Business
PwC Highlights Energy and Water Shortages as Key Risks for South African Businesses in 2025–2026

The PwC South Africa Economic Outlook for 2025, released on Monday, highlights energy and water supply shortages as the top concerns for South African business leaders in the coming years. Despite the suspension of load shedding since March 2024, companies remain wary of power disruptions, water crises, and extreme weather events affecting operations and economic growth.
Energy Supply Remains the Biggest Business Risk
PwC warns that energy disruptions remain the number one concern for business leaders, despite improvements in power supply. The report highlights unplanned generation breakdowns nearing 12,000MW as a major risk, reinforcing fears of potential blackouts in 2025–2026.
Key energy concerns for South African businesses:
- Continued risk of power cuts due to aging infrastructure and unexpected outages.

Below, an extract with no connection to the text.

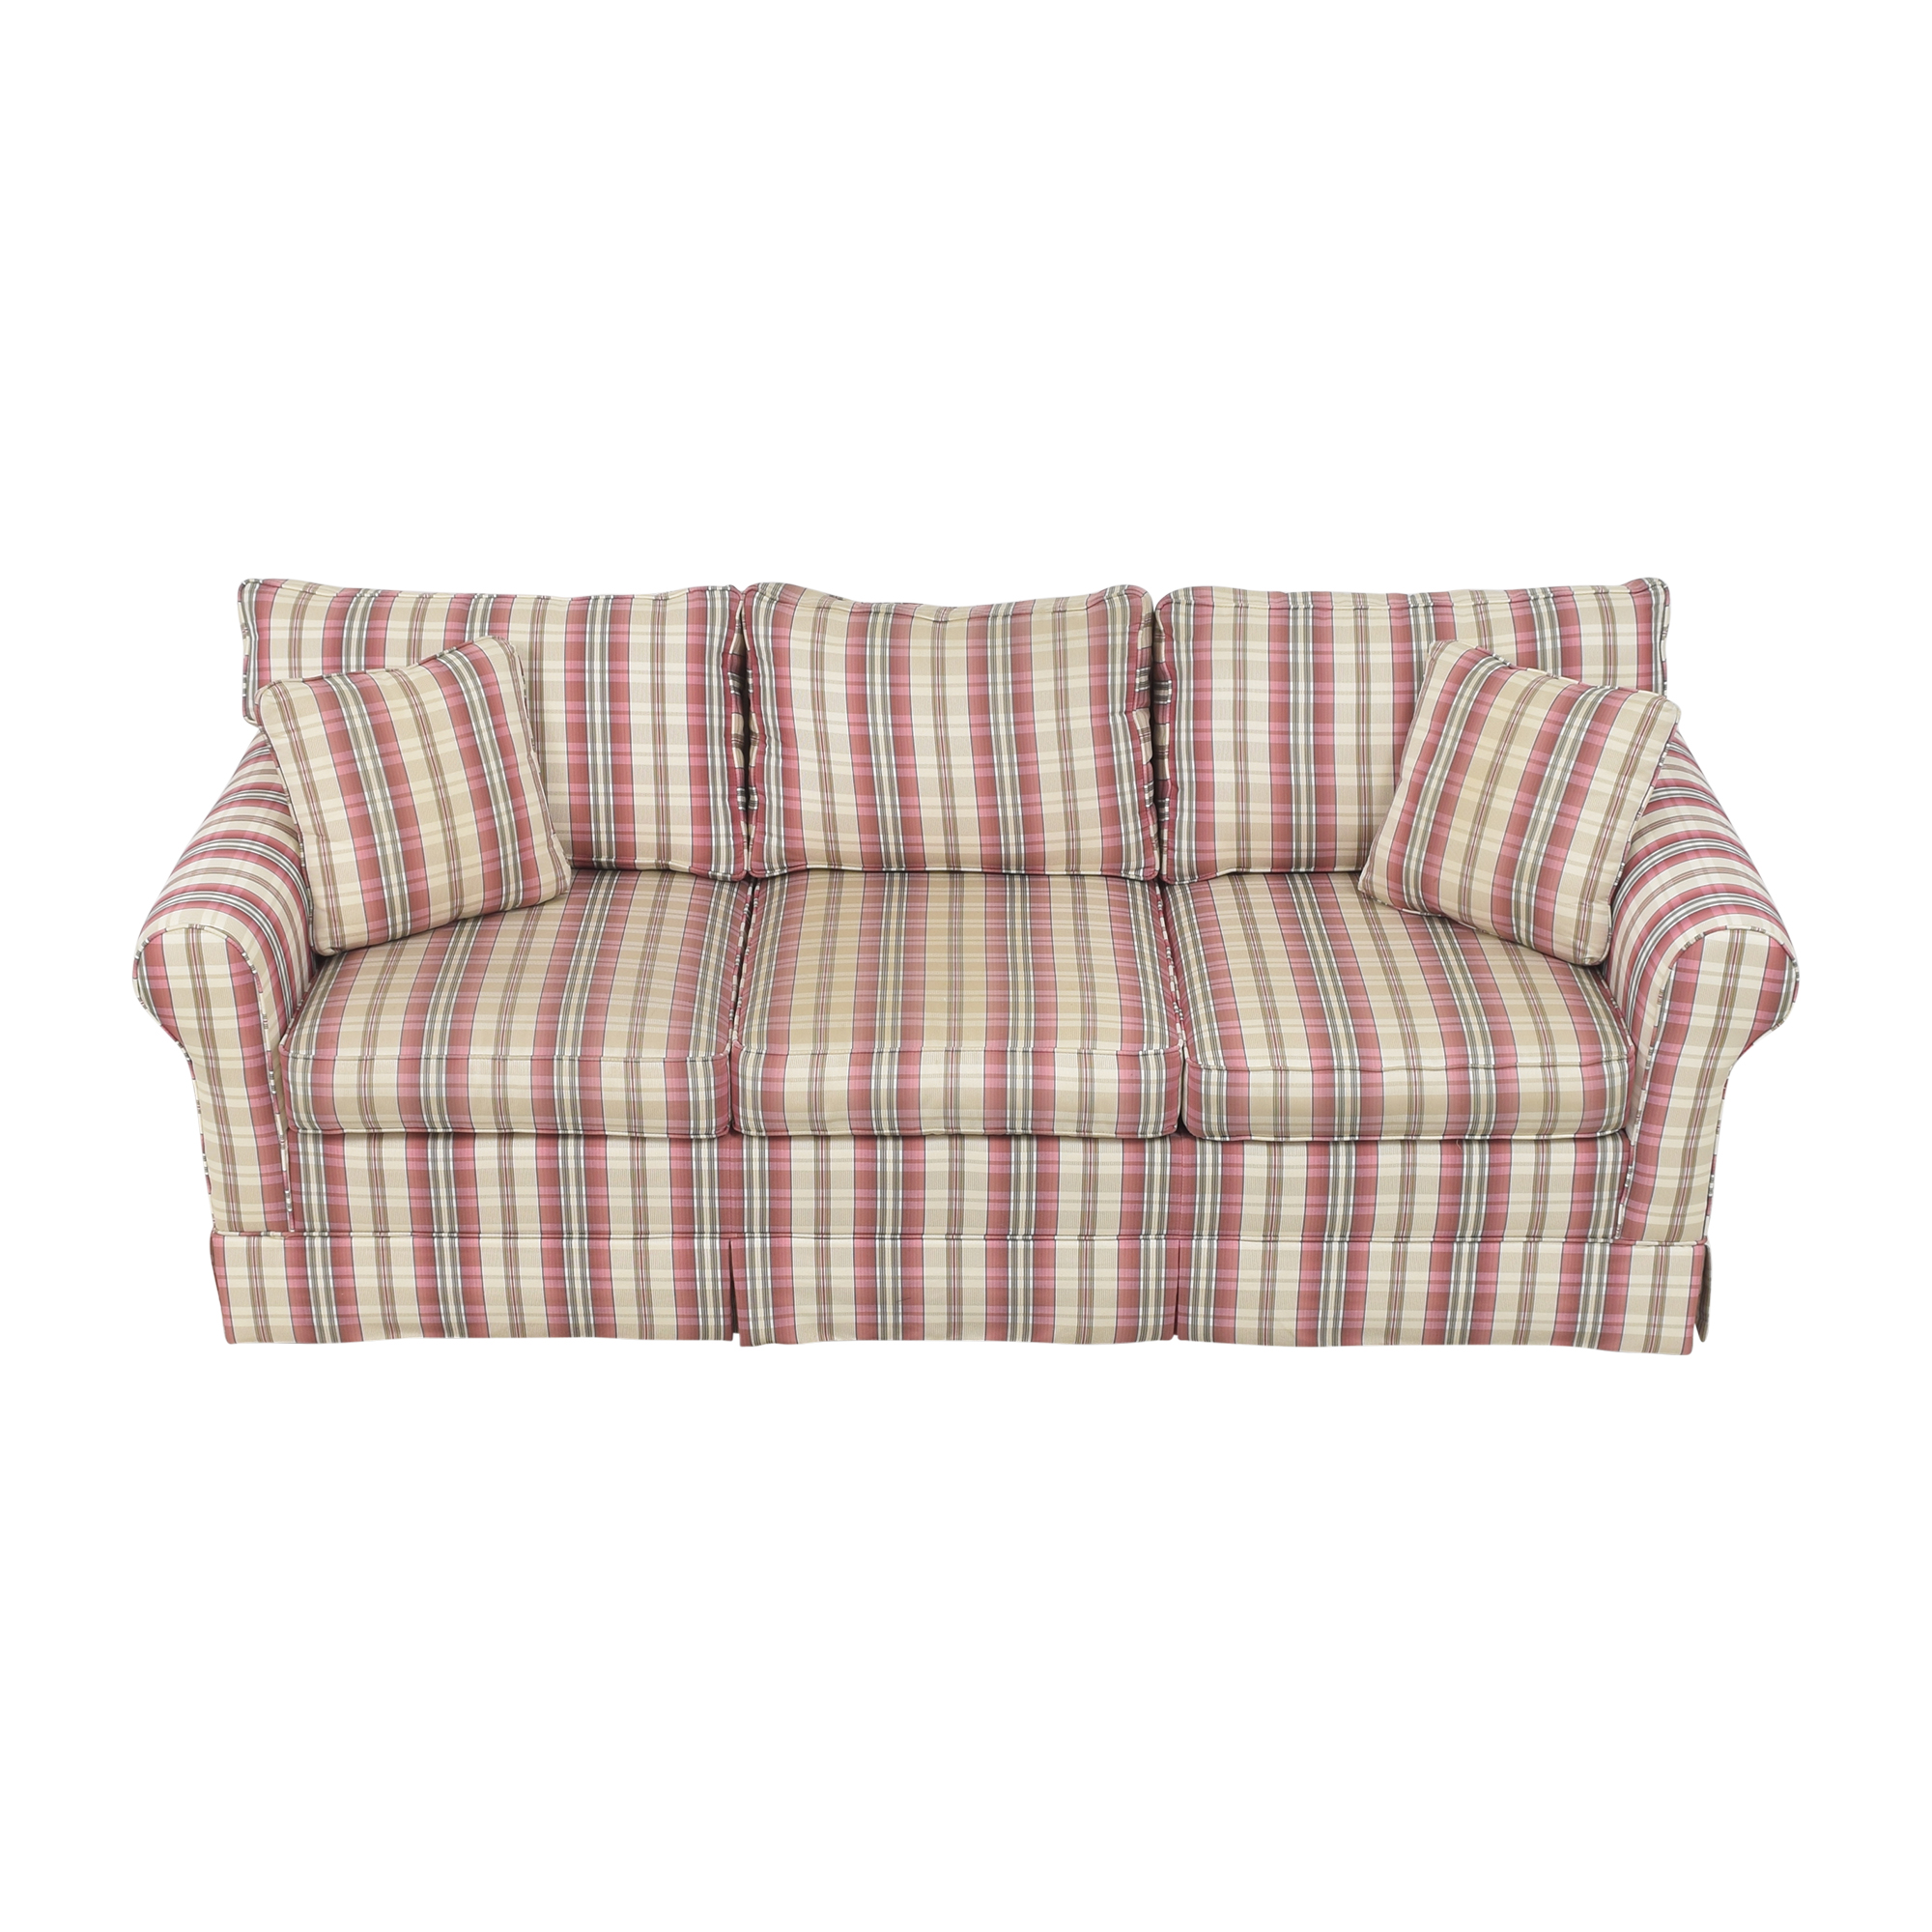 Choice Seating Gallery Choice Seating Gallery Skirted Three Cushion Sofa price

- Increasing reliance on imported energy like jet fuel and natural gas.
- Rising production costs due to unstable energy supply.
Mitigating Energy Risks: What Businesses Should Do
PwC recommends that businesses develop a comprehensive energy action plan to reduce dependence on public electricity and imported hydrocarbons. This includes:
- Energy efficiency audits to identify cost-saving measures.

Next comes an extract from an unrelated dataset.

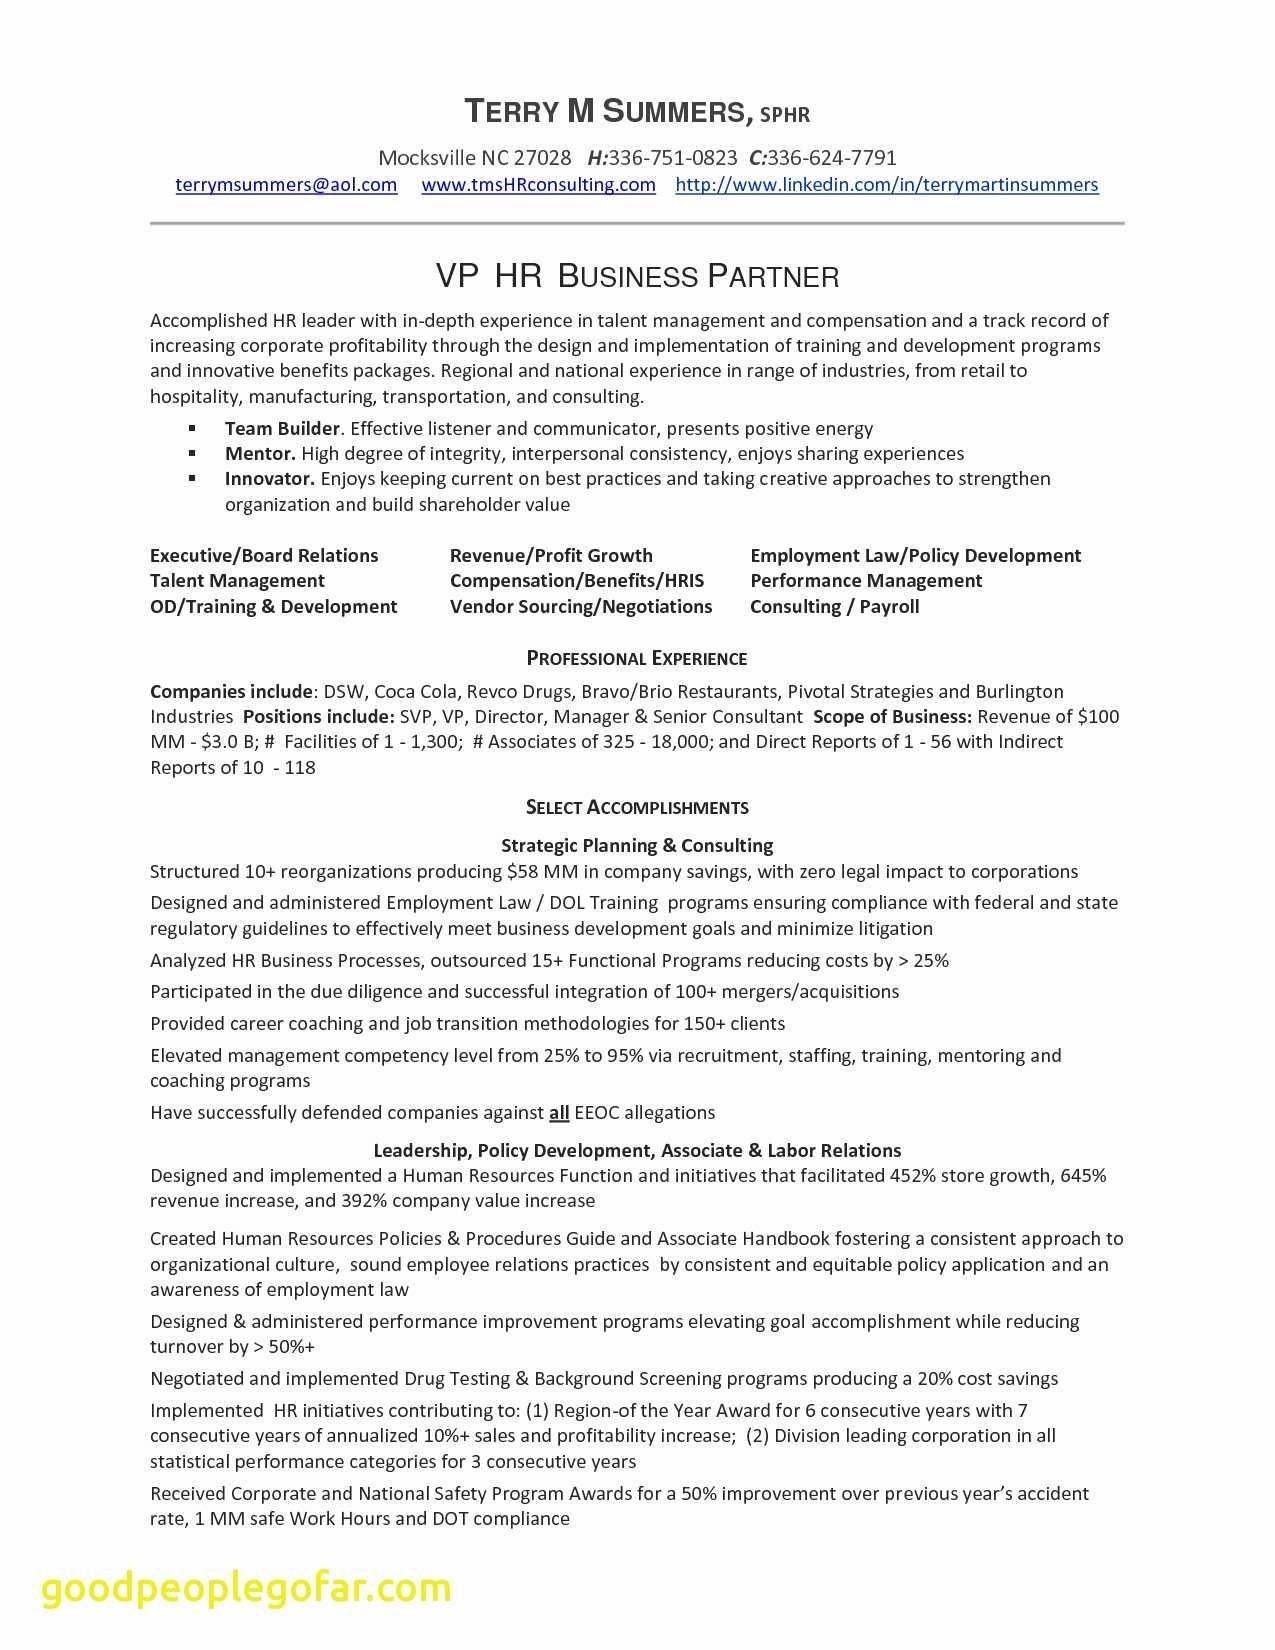 Cover Letter Template Restaurant - Cover Letter for attorney Job Save Job Application Letter format

- Investments in renewable energy sources like solar and wind power.
- Alternative fuel generators to ensure operational continuity.
Water Shortages: A Growing Crisis for Businesses
Nearly half of South Africa’s municipal water supply systems are in poor or critical condition, leading to widespread water shortages. According to PwC, non-revenue water losses (water that is lost due to leaks, theft, or unbilled consumption) have increased from 42% in 2014–2015 to over 46% in 2021–2023.

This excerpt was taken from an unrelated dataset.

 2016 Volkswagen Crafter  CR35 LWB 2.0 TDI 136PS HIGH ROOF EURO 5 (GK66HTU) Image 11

Why is South Africa facing water shortages?
- Aging infrastructure and maintenance failures are reducing water availability.
- Over-consumption and pollution are worsening supply issues.
- Extreme weather events like droughts and floods are further straining resources.
How Businesses Can Manage Water Risks
PwC advises businesses to take proactive steps, including:
- Rainwater and greywater harvesting to reduce municipal reliance.
- Backup water systems for emergencies.
- Collaboration with municipalities to address infrastructure issues.
Extreme Weather: The Hidden Business Disruptor
Climate-related risks, such as droughts, floods, hailstorms, and wildfires, have caused severe economic disruptions in South Africa. PwC warns that businesses need to assess their physical and transition risks across different climate change scenarios.
The economic impact of extreme weather:
- Mining operations have suffered drought-related shutdowns, leading to job losses.
- Floods have damaged infrastructure, increasing operational costs.
- Heatwaves and wildfires disrupt supply chains, affecting multiple industries.
Building Resilience Against Climate Risks
Christie Viljoen, PwC South Africa’s lead economist for macro analysis, emphasizes that businesses must adopt climate adaptation strategies:
- Identify vulnerabilities specific to their industry and location.
- Develop resilience plans to protect assets and operations.
- Invest in sustainable infrastructure to mitigate long-term risks.
The Bottom Line: Preparing for an Uncertain Future
With energy insecurity, water shortages, and climate risks looming, South African businesses must act now to safeguard their operations. PwC urges companies to conduct risk assessments, implement efficiency measures, and collaborate with stakeholders to navigate these challenges effectively.